Y, aunque no podía estar segura, a Índigo le pareció escuchar que el viento transportaba un sonido ahogado que se superponía al constante siseo de la lluvia. El sonido de alguien que gritaba...

—Montas muy bien para ser un marino, Índigo. —La voz de Brythere interrumpió de repente los pensamientos de la joven—. Supongo que no puedes recordar, ahora, dónde aprendiste...

—No. —Índigo clavó los ojos en los de la reina.

—Es una lástima. Podría haber...

No terminó de hablar. Había vuelto a tirar de las riendas, obligando a la yegua a ir al paso a su pesar, e Índigo siguió adelante varios metros antes de darse cuenta y hacer lo propio para mirar a su espalda, perpleja.

—¿Señora...?

Brythere tenía los ojos fijos en la figura que se acercaba, y que ahora seguía una trayectoria que les cortaría el paso antes de que llegaran a Carn Caille. La reina temblaba violentamente.

—¡Detente! —siseó—. ¡Deprisa!

Índigo obligó a su montura a detenerse, controlándola con firmeza cuando ésta

intentó resistirse. La reina permanecía rígida en su montura.

—¿Quiénes? —exigió Brythere, la voz ronca por el miedo—. ¿Quién es?

—No lo sé. —Curiosa, y desconcertada por su tono de voz, Índigo la miró de soslayo—. Un hombre, pero no puedo distinguir detalles desde aquí.

—¡Viene hacia nosotras! —Brythere empezó a temblar otra vez—. ¡Se está colocando entre nosotras y la ciudadela!

Confusa, Índigo intentó tranquilizarla.

—Pero... no es más que un solo hombre, como dijisteis; probablemente uno de vuestros propios criados.

—¡No! —exclamó Brythere—. ¡No, es él ¡Sé que es él!

De pronto, espoleó los costados de su yegua con violencia y lanzó al animal a un galope continuado.
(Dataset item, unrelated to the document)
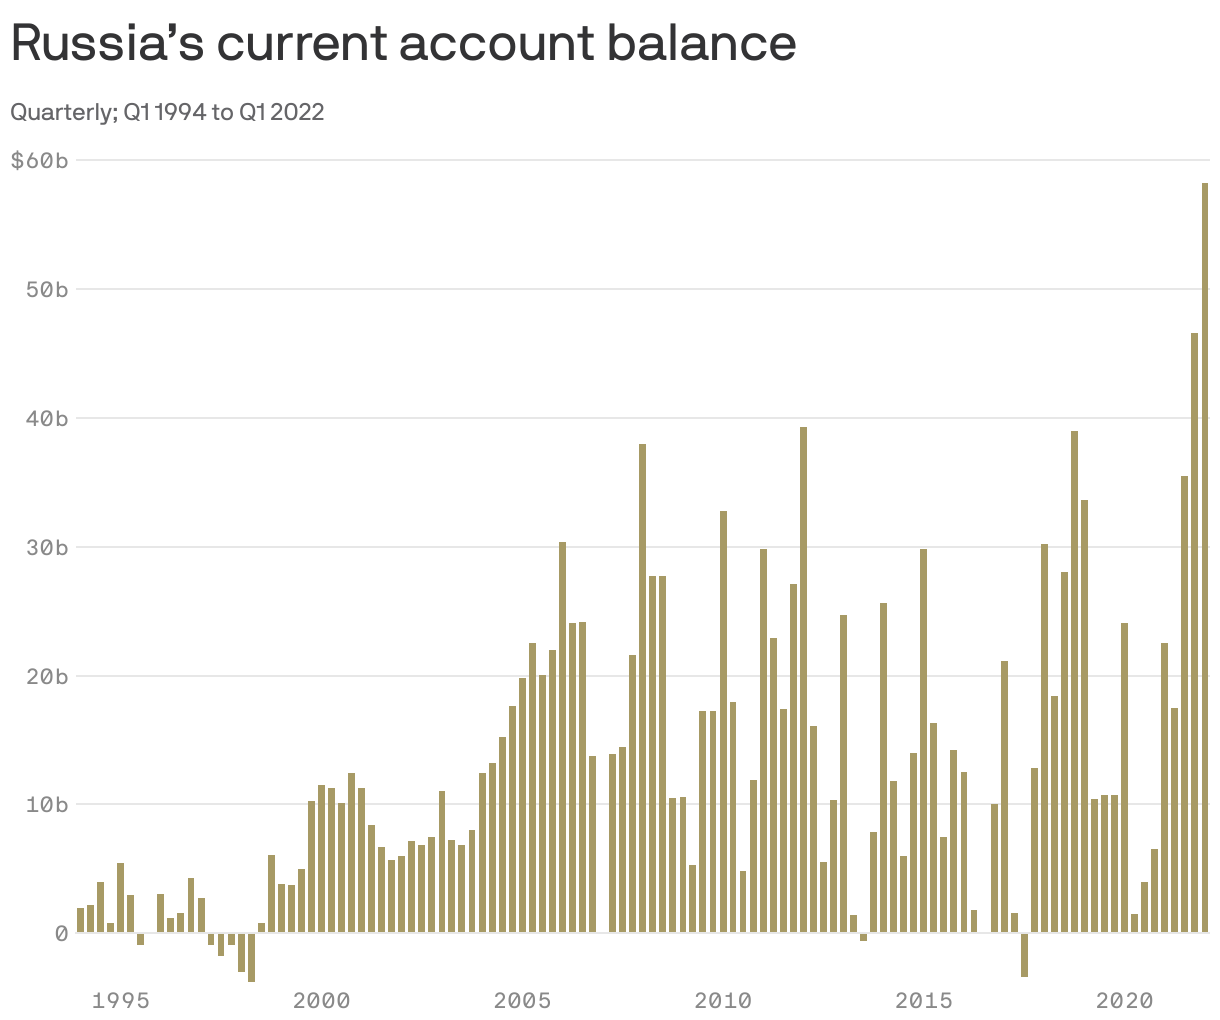 Russia’s current account balance

Demasiado sobresaltada para reaccionar, Índigo vio cómo la yegua blanca, una mancha en la lluvia, volaba sobre el terreno a una velocidad suicida mientras la reina cabalgaba desesperadamente en dirección a las puertas de Carn Caille. Intentaba ganar a la figura tambaleante que ahora giraba para interceptarla; a trescientos metros de la ciudadela sus caminos se cruzaron, e Índigo vio que los brazos del hombre se agitaban en el aire intentando atrapar a Brythere. Llegó demasiado tarde. La reina pasó al galope a menos de tres pasos de sus manos; éstas se cerraron en el vacío, y el hombre se desplomó pesadamente sobre el suelo.

Alarmada, Índigo espoleó su caballo hacia la figura caída. Brythere se detuvo algo más adelante e hizo girar el caballo para mirar atrás; su voz cubrió la distancia entre ambas, aunque Índigo no pudo oír lo que gritaba. Todo lo que pensaba era que el extraño podía haber chocado con el caballo de la reina y estar herido, pero al acercarse vio que se movía y se ponía en pie vacilante. Cuando estuvo lo bastante cerca para verlo con claridad comprendió qué era lo que le sucedía. El hombre no estaba herido... pero sí borracho. De nuevo en pie, se balanceaba como un arbolillo en un vendaval, y se esforzaba por sacar de entre los pliegues de su mugrienta capa un odre de vino sin tapón; derramó su contenido sobre sí mientras luchaba neciamente, sin dejar ni un momento de farfullar en una ininteligible voz sin expresión. No obstante su estatura, mayor de lo normal, Índigo se dio cuenta de que era un anciano. Mechones de grasientos cabellos blancos se escapaban de debajo de la capucha de su capa, y las manos que se aferraban al odre estaban arrugadas y deformadas, Índigo sintió una oleada de repugnancia pero fue incapaz de seguir galopando y dejarlo ahí en ese peligroso estado. Hizo girar la cabeza de su montura y empezó a acercarse a él.